Nah, dapat di tarik sebuah kesimpulan awal bahwa betapa besarnya gejolak emosi seseorang yang ditandai dengen kepekaan dirinya terhadap dirinya ketika berinteraksi dengan tempat lingkungan atau tempat berinteraksi.
Remaja perlu tanggap dengan kecerdasan emosinya
Apabila ada sebagian remaja yang mengatakan bahwa masa remaja adalah masa yang indah barangkali hal tersebut sah-sah saja dan dapat diterima dengan alasan dimana masa remaja ini seorang remaja paling banyak sekali intensitas distorsi lingkungan ataupun influence teman-teman sejawat, maka tidak perlu dicengangkan lagi apabila ada seorang remaja yang tidak mampu mengendalikan emosinya yang meluap sebagai akibat dari ketidakpahamannya akan dirinya, maka dapat dikatakan bahwa remaja itu belum bisa memanage kecerdasan emosinya secara baik dan efektif.
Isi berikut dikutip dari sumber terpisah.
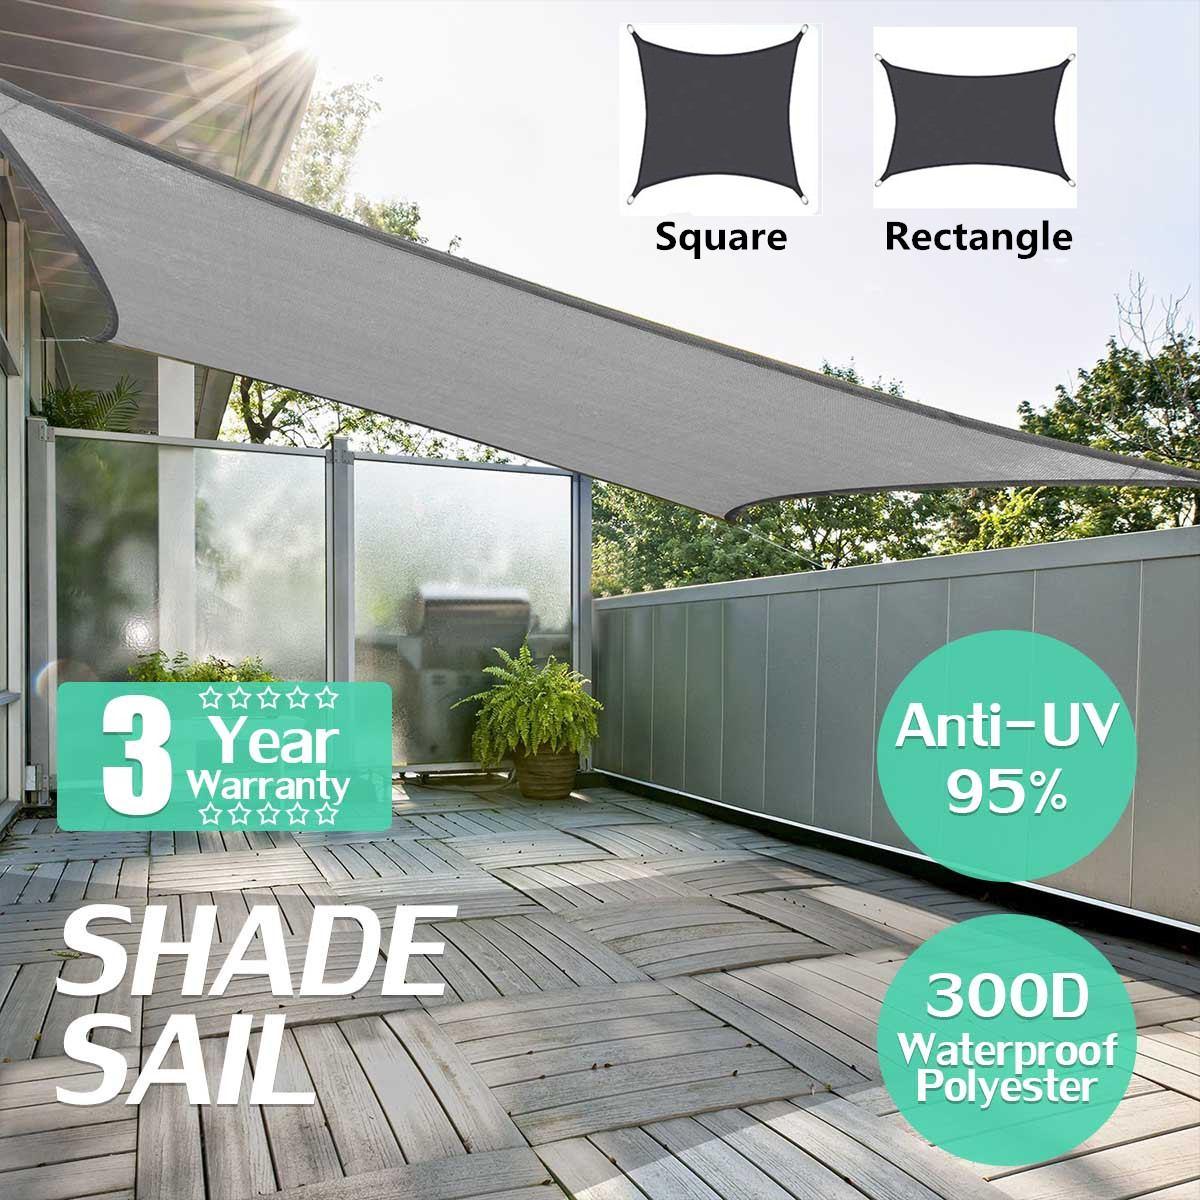 Waterproof 300D Black Square Rectangle Shade Sail garden terrace Canopy swimming Sun shade Camping Hiking Yard sail awnings(China)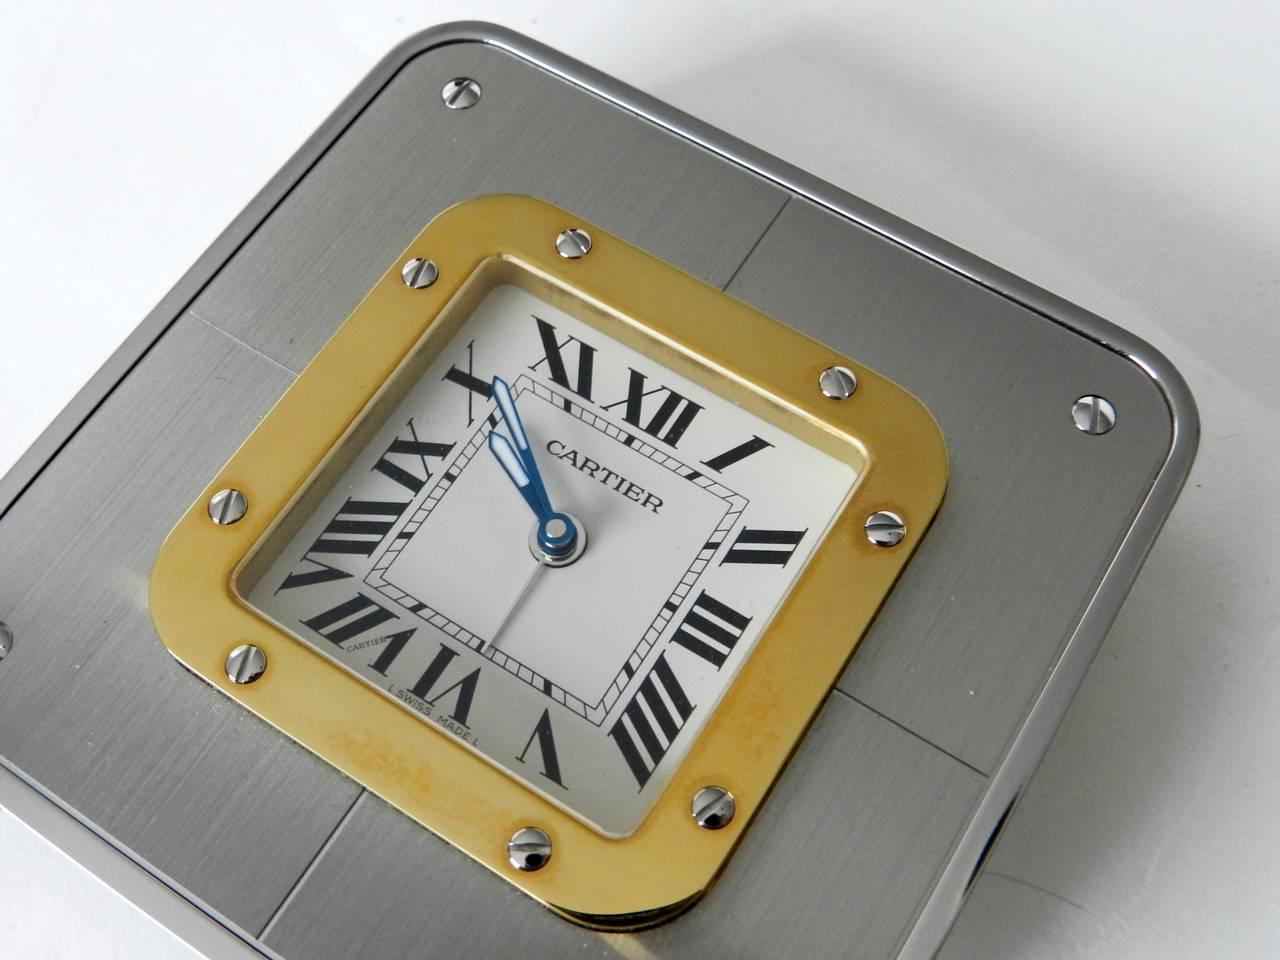 Cartier santos desk alarm clock in box at 1stdibs cartier santos desk alarm clock in box 3 amipublicfo Images

Berdasarkan hal itu jualah diperlukan kecerdasan emosi dalam diri remaja agar ia lebih paham dan hal yang sama tidak terulang, yakni meluapnya emosi. Kecerdasan emosi itu sendiri terlihat dari bagaimana seorang remaja bisa memberi kesan yang positif akan tentang dirinya, diharapkan ia dapat menggali energi yang positif, seperti memahami diri, mampu menggali potensi dan energi positif yang ada dalam dirinya, serta bagaimana ia menyetarakan diri dengan lingkungan tempat ia berada. (referensi berbagai sumber). Padang, 7 Februari 2009

Penulis bergiat di Yayasan Citra Budaya, Sanggar Sastra Pelangi.